Tissue Statistics. In Table 1 we report the WM, GM and CSF intensity statistics for different normalisations. Firstly, we see that the centre-wise normalisation had a small but significant effect on the overall distribution statistics. More importantly, the variances of the statistics after individual NDFlow and Nyul transformations were typically similar, and both were almost always substantially smaller than the variance after only affine alignment, with the exception of CSF.

Table 1. Tissue statistics after normalisation (mean ± std. dev., \(N = 581\))

It is known that the amount of intra-cranial fluid can vary substantially due to factors such as age and some neurodegenerative conditions, and this reflects on the distributions of intensities in brain MRI scans, which is evident in Fig. 2. As a result, normalising all subjects to a ‘mean’ distribution fails to identify a consistent reference range for CSF intensities.

A fundamental limitation of any histogram matching scheme is that it is unclear how to proceed when the distributions are genuinely different. Intensity distributions can be strongly affected by anatomical differences; for example, we can observe large variations in the amounts of fluid and fat in brain or whole-body scans, which may heavily skew the overall distributions (moderate example in Fig. 3). The underlying assumption of these methods (including ours) is that the distributions are similar enough up to an affine rescaling and a mild nonlinear deformation of the values, thus handling histograms of truly different shapes remains an open challenge. For images with different fields of view, it may be beneficial to perform image registration before applying intensity normalisation.

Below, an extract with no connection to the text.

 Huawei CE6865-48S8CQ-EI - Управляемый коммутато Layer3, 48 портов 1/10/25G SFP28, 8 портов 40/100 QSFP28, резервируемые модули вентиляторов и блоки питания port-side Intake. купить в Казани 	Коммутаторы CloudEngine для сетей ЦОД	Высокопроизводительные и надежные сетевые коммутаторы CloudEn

Centre Classification. To evaluate the effectiveness of intensity normalisation for data harmonisation, we conducted a centre discrimination experiment with random forest classifiers trained on the full images. We report the pooled test results from two-fold cross validation (detailed results in extended version).

Relative to affine normalisation, centre-wise and individual NDFlow and Nyul showed a slight drop in overall classification accuracy (94.1% vs. 92.7%, 93.6%, 92.9%, resp.). On the other hand, the uncertainty, as measured by the entropy of the predictions, was significantly higher (paired t-test, all \(p<.01\)). Nonlinear intensity normalisation therefore seems to successfully remove some of the biasing factors which are discriminative of the origin of the images.

4 Conclusion

In this paper, we have introduced a novel method for MRI intensity normalisation, called nonparametric density flows (NDFlow). It is based on fitting and matching Dirichlet process Gaussian mixture densities, by minimising their \(L^2\) divergence, and on mass-conserving flows, which ensure that the empirical intensity distribution agrees with the matched density model.

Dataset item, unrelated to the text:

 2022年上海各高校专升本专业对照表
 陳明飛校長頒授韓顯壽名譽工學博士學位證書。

We demonstrated that our normalisation approach makes tissue intensity statistics significantly more consistent across subjects than a simple affine alignment, and compares favourably to the state-of-the-art method of Nyúl et al. [7]. We have additionally verified that NDFlow is able to accurately match histograms without introducing spurious artefacts produced by the competing method. Finally, we argued that both normalisation techniques can reduce some discriminative scanner biases, in a step toward effective data harmonisation.

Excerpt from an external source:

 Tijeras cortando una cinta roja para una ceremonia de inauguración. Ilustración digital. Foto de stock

By employing nonparametric mixture models, we are able to represent arbitrary histogram shapes with any number of modes. In addition, our formulation has the flexibility to match only part of the distributions, by freezing the parameters of some mixture components. This may be useful for ignoring lesion-related modes (e.g. multiple sclerosis hyperintensities), if the corresponding components can be identified (e.g., via anomaly detection). Evaluating this approach and its robustness against lesion load is a compelling direction for further research.